Didier Lockwood: Monsieur 100.000 Volt

Großes Rätselraten

Eine Jazz-Sendung im Sender Freies Berlin zu Beginn der 80er Jahre, deren Titel ich schon längst vergessen habe, begann immer mit einem tollen Trailer auf dem als melodieführendes Instrument eine Geige zu hören war. Die Musik groovte richtig, die Besetzung der Band bestand außer aus der Geige aus Bass, Schlagzeug, Keyboards und einer Gitarre. Lange musste ich rätseln, von wem die Musik gespielt wurde bis eines Tages der Moderator Hans-Rainer Lange („Pfeifen-Lange“) des Rätsels Lösung präsentierte: Didier Lockwood mit Band.

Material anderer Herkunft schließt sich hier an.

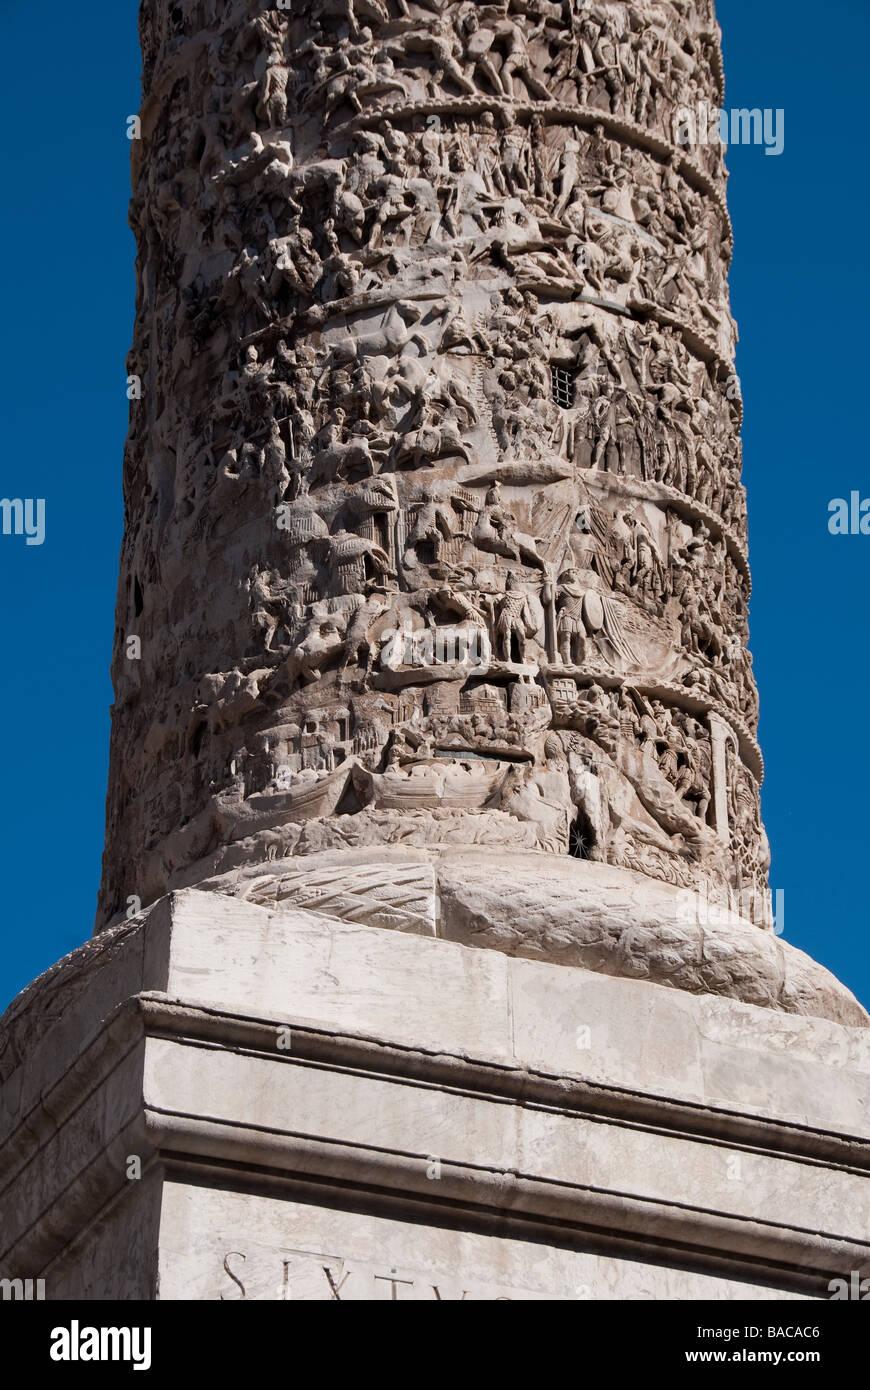 La columna de mármol de Marcus Aurelius, que ha permanecido en la Piazza Colonna Roma desde 193 CE Foto de stock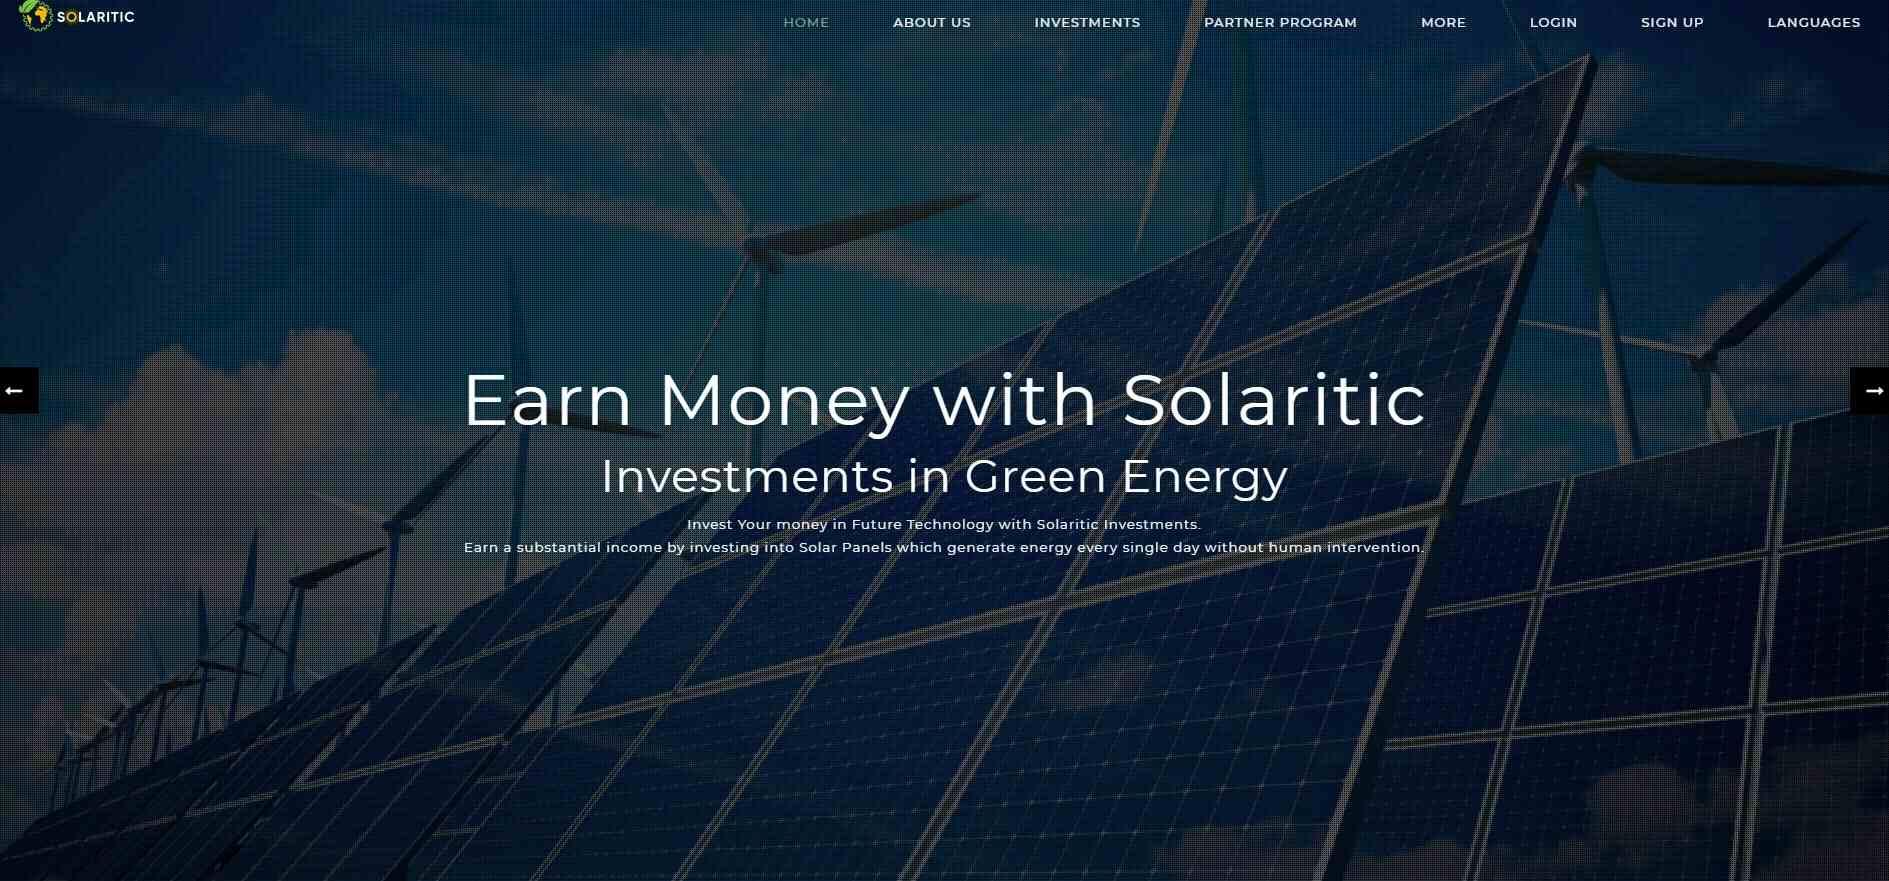 Solaritic

Bald hatte ich auch herausgefunden, welche Schallplatten es von Didier Lockwood gab, und mit dem Aufkommen der CD als Tonträger kaufte ich mir die vorherigen Vinyl-Ausgaben auch auf den neuen, handlichen Scheiben.

Immer unter Hochspannung

Der Titel „Monsieur 100.000 Volt“ war eigentlich schon lange an einen anderen französischen Künstler vergeben: dem Chansonnier Gilbert Becaud. Wer aber Didier Lockwood bei seinen Auftritten beobachtete, musste feststellen, dass dieser Mann ständig unter Hochspannung zu stehen schien.

In diesem Video sehen wir Didier Lockwood mit Band auf dem Festival des Puces à Saint Ouen (einem Stadtteil im Zentrum von Paris). Mit ihm spielen hier Paco Sery (Drums), Linley Marthe (Bass) und Jean Marie Ecay (Gitarre).

Lockwoods Stärke war die Improvisation, zahlreiche Liveaufnahmen (bei Youtube zu finden) zeugen davon. Weil er sich augenscheinlich sehr gut in ein Ensemble integrieren konnte, war er auch oft Gast bei Live-Events und/oder Tourneen anderer berühmter Musiker. Und immer gab er auf der Bühne das Letzte… Deswegen ist es auch nicht so verwunderlich, warum er ausgerechnet an einem Herzinfarkt im Alter von 62 Jahren am 19. Februar 2018 verstorben ist.

Lebenswerk

Betrachtet man, was Lockwood Zeit seines Lebens alles geschaffen hat, könnte man ihn fast als hyperaktiv bezeichnen. Er war auch ein Musikalisches Supertalent: als Sohn eines Musikprofessors interessierte er sich schon in jungen Jahren für moderne Musik und spielte schon mit 17 Jahren bei der progressiven Rockgruppe Magma die Violine. Die große Nähe zu moderner Musik wird auch in seinen Veröffentlichungen Ende der 70er bis in die 80er Jahre deutlich: seine Musik, die er unter anderem mit der Didier Lockwood Group (DLG) spielt, ist Rock-Jazz-Fusion. Hier ist mit zum ersten Mal auch aufgefallen, dass man im Jazz auch gut einen Slap-Bass einsetzen kann. Bei DLG spielen mit: Jean-Michel Kajdan (Bass, Gitarre), sein Bruder Francis Lockwood (Tasteninstrumente), Kirt. Rust (Schlagzeug) und Bob Malach (Saxofon).

Interessant auch seine Zusammenarbeit mit der kanadischen Jazz-Rock-Band UZEB. Mit ihnen trat er auch auf und es gibt auch einen Live-Mitschnitt eines Konzerts von 1984 mit Alain Caron (Bass), Michel Cuisson (Gitarre und Gitarrensynthesizer), Jean St-Jacques (Tasteninstrumente) und Paul Brochu (Schlagzeug).

Insgesamt hat Didier Lockwood mehr als 30 Alben veröffentlicht und ist ca, 4500 mal öffentlich aufgetreten.

Nach seiner Jazz-Rock-Fusion Phase begann Mitte der 90er Jahre eine Rückbesinnung auf den traditionellen Jazz. Er bezog sich in seinen  Kompositionen mehr auf seinen Mentor – den französischen Jazzgeiger – Stephane Grapelli und spielte recht puristische Alben ein.

In Erinnerung bleibt auch sein Engagement für die musikalische Förderung von Kindern (Chansons pour les enfants, Wiederauflage der Platte von 1985), sein Anspruch als Komponist mit zwei Opern, Geigenkonzerten und Filmmusiken.

Die Liste der berühmten Jazzmusiker, mit denen er zusammen gespielt hat, ist sehr lang und zeigt, dass er einer der Größten in diesem Umfeld war.  Merkwürdig, dass sich dies nie in entsprechender Weise in der Öffentlichkeit verfestigt hat.